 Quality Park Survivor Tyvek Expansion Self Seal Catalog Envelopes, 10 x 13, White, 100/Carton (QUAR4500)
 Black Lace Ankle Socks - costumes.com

________

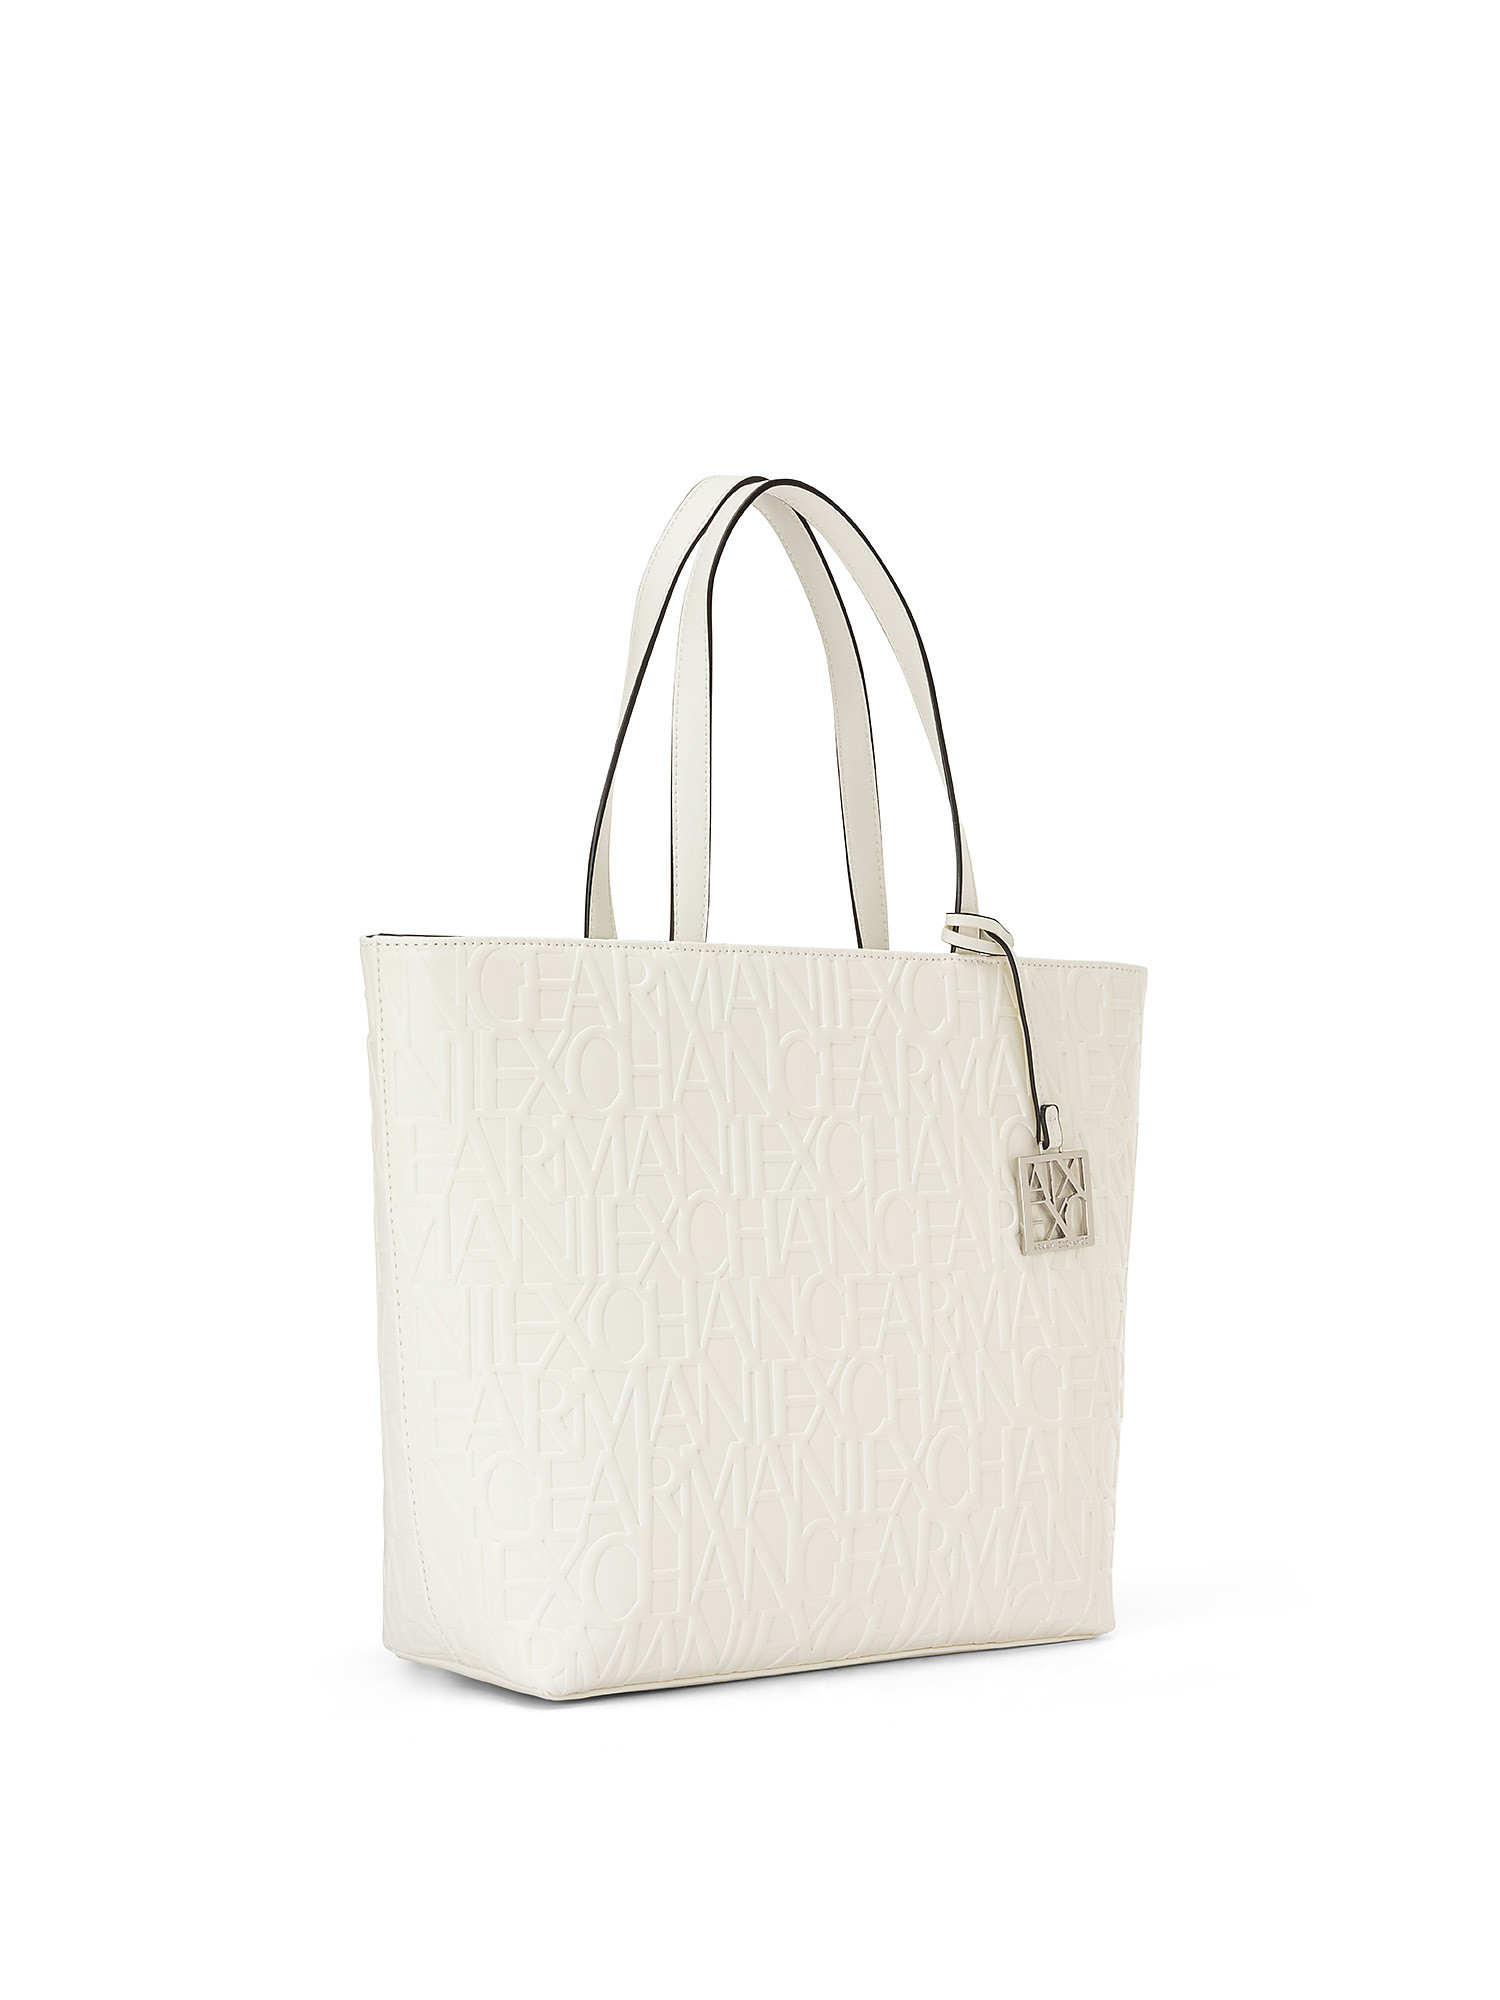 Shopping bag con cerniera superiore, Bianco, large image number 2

________

◆ Task description ◆
Would you please write out, exactly and with no other lines, the stretch of the listing above from the line containing "Quality Park Survivor" through the line containing "Black Lace Ankle Socks - costumes.com"?

◆ Response to the task ◆
 Quality Park Survivor Tyvek Expansion Self Seal Catalog Envelopes, 10 x 13, White, 100/Carton (QUAR4500)
 Black Lace Ankle Socks - costumes.com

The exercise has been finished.